STORED DATA section start

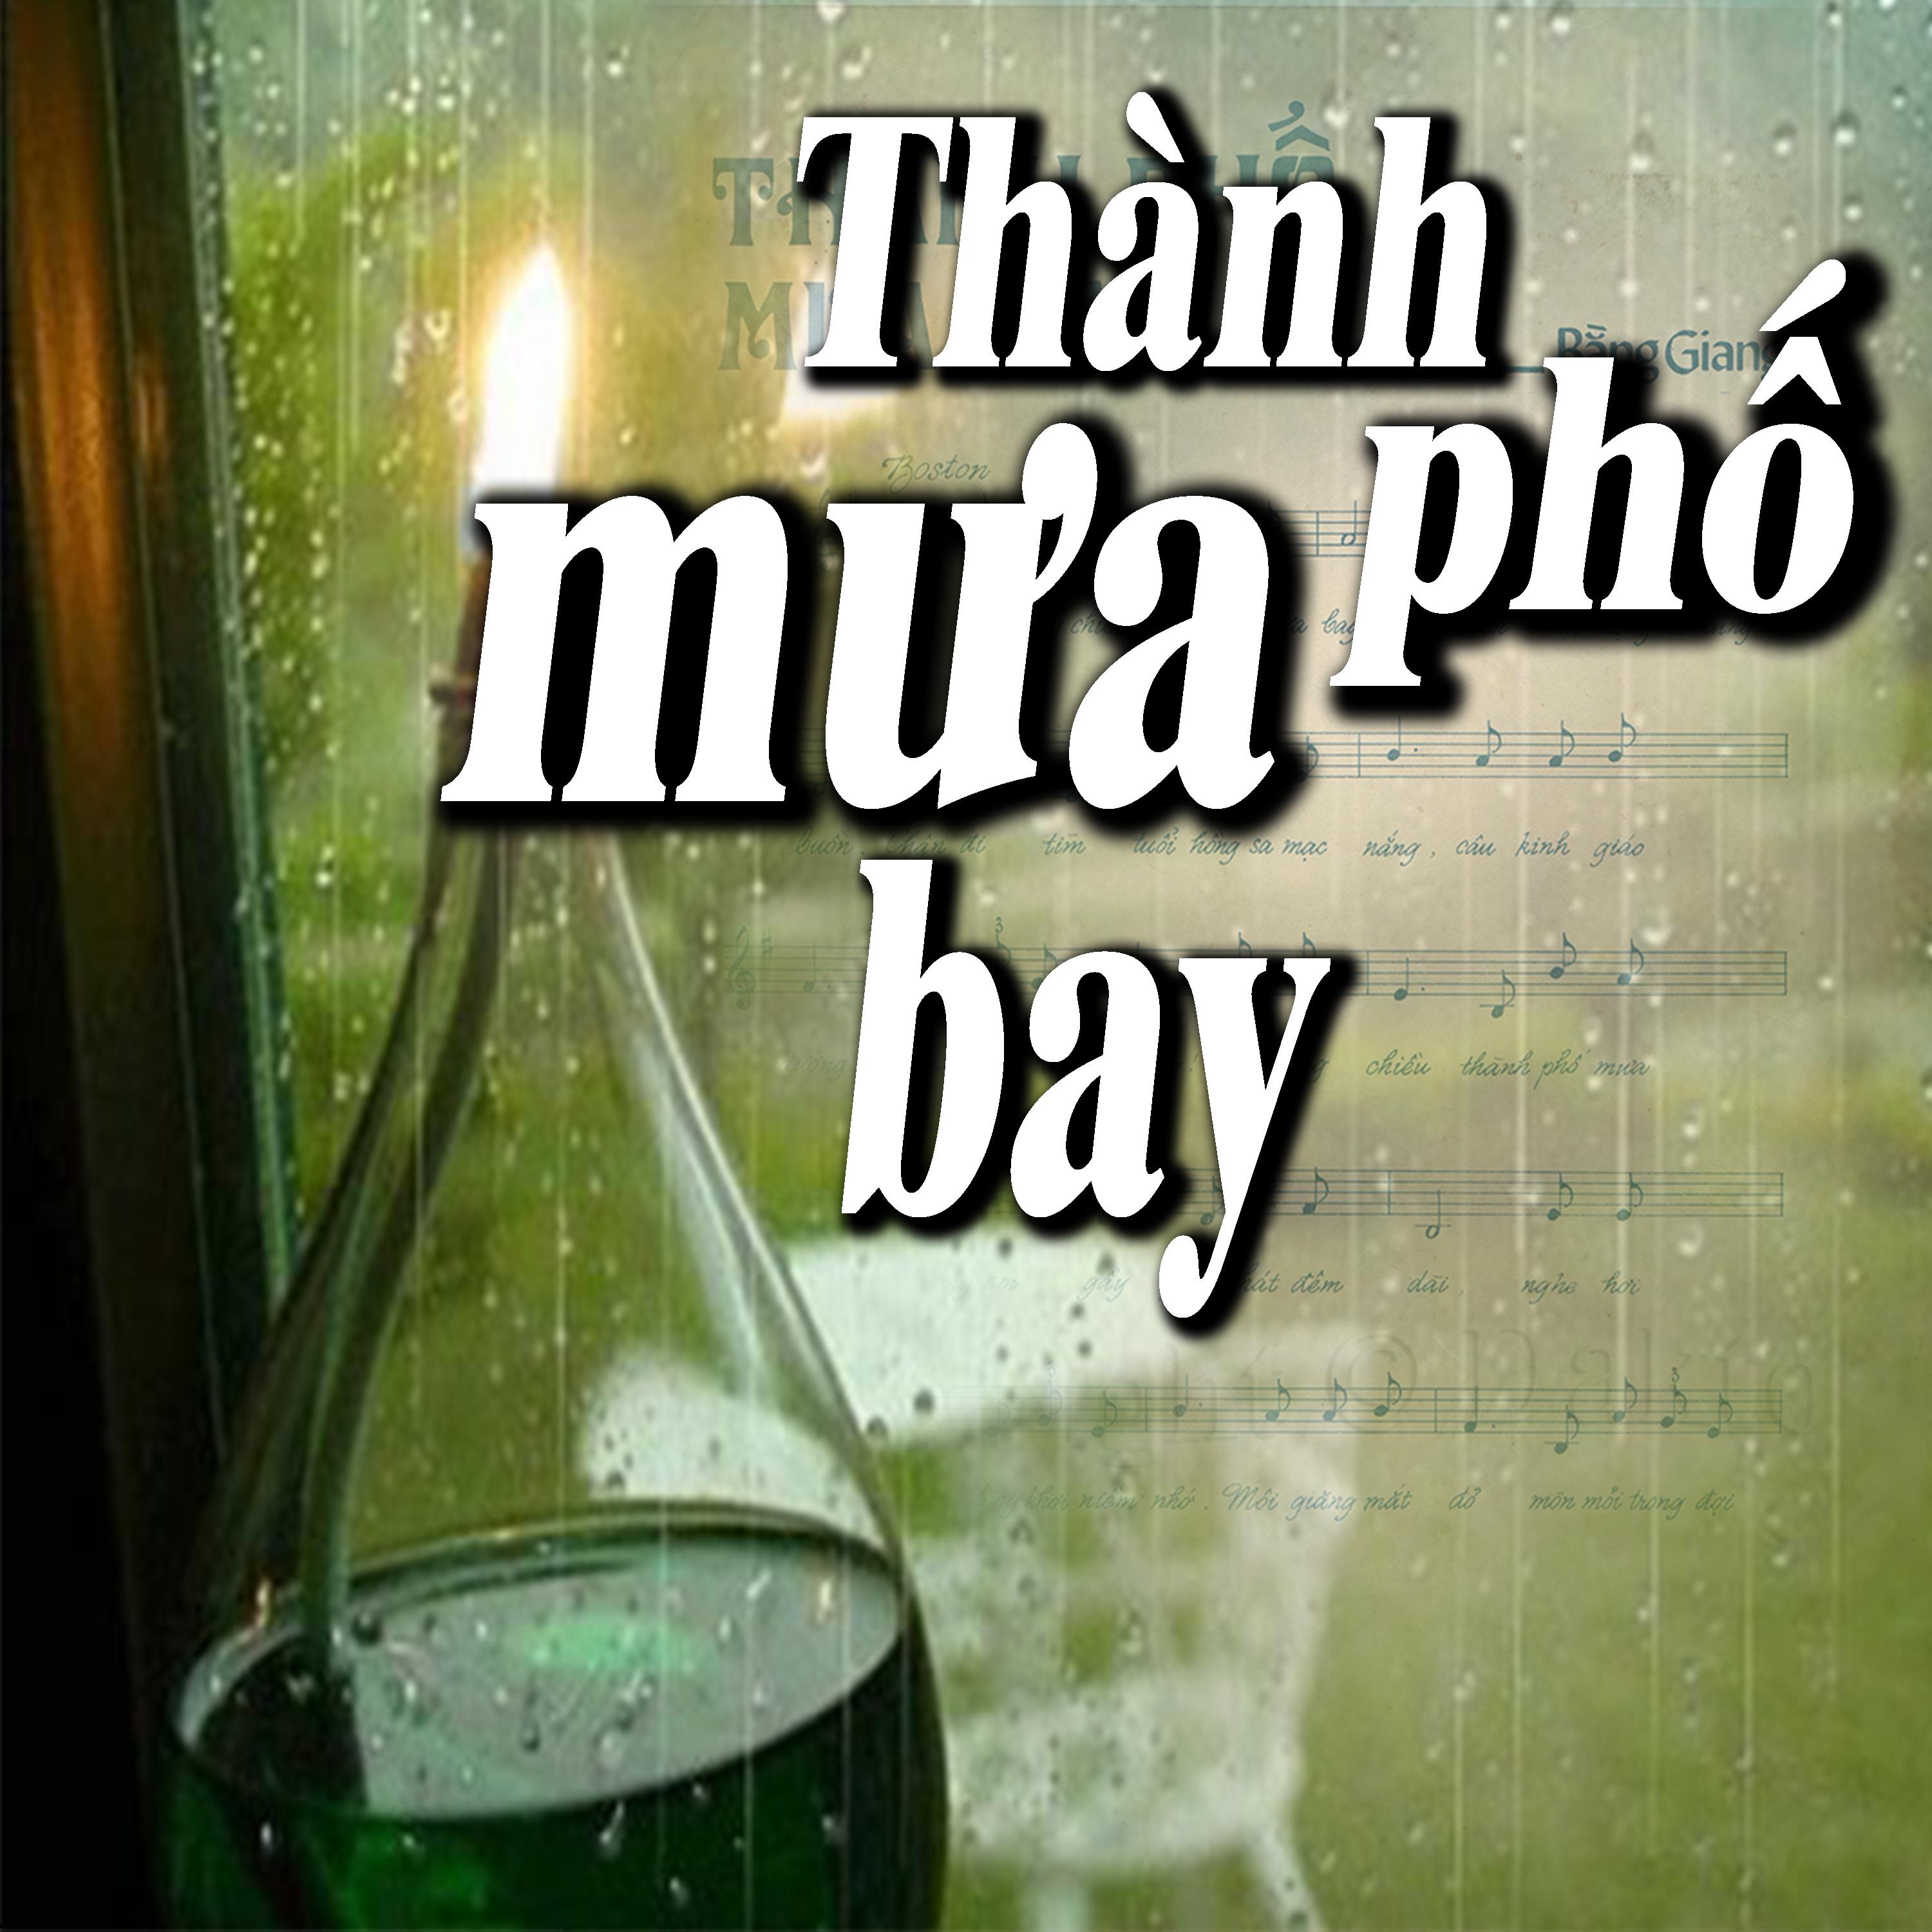 Tha nh Ph M a Bay
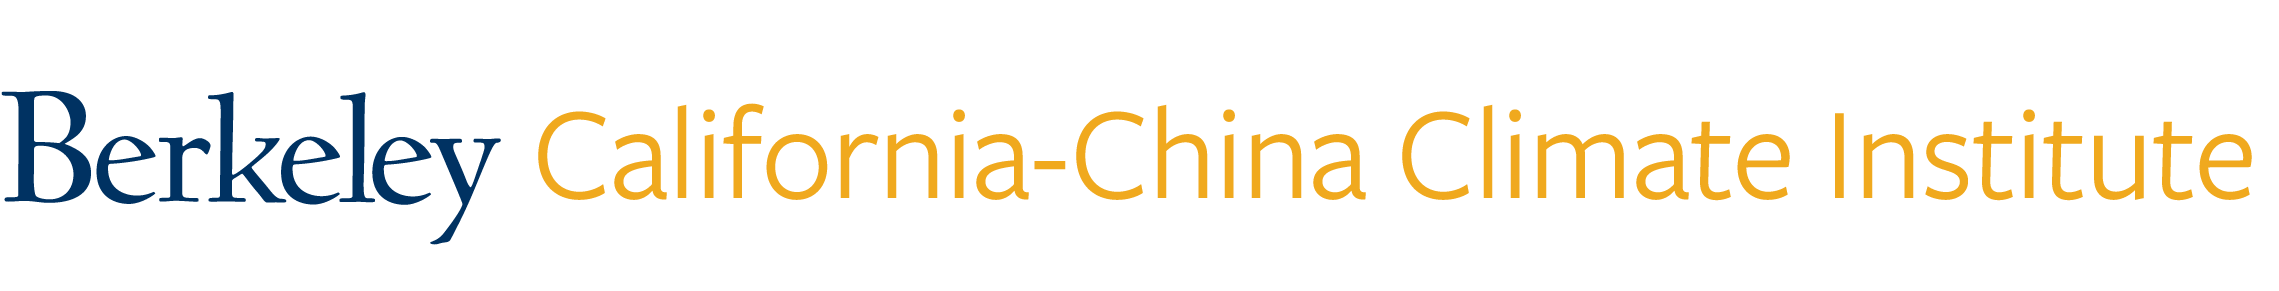 California-China Climate Institute
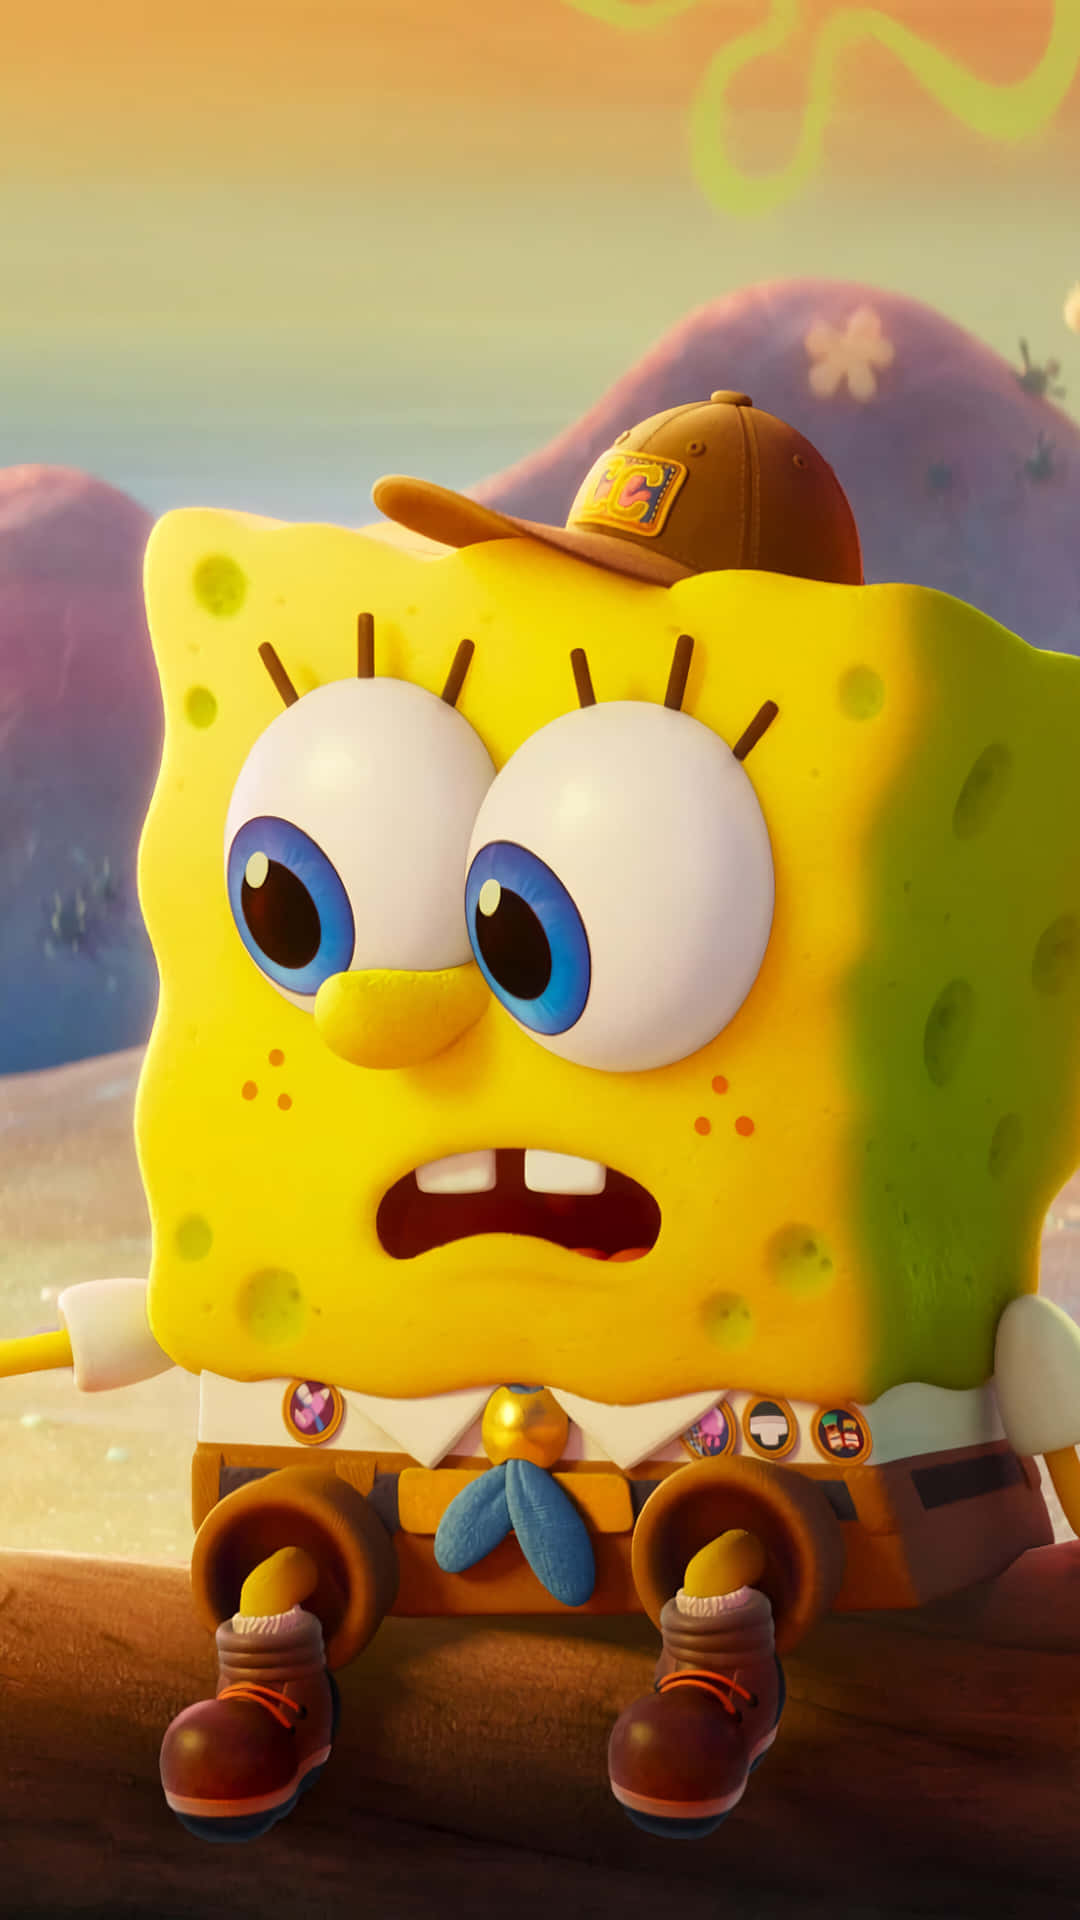 Download Sad Emo SpongeBob PFP Wallpaper

STORED DATA section end

• YOUR OBJECTIVE
Here the job is to quote the lines from the one with "California-China Climate Institute" through the end of the material, both included, exactly; please skip the pictures.

• FINAL ANSWER
 California-China Climate Institute
 Download Sad Emo SpongeBob PFP Wallpaper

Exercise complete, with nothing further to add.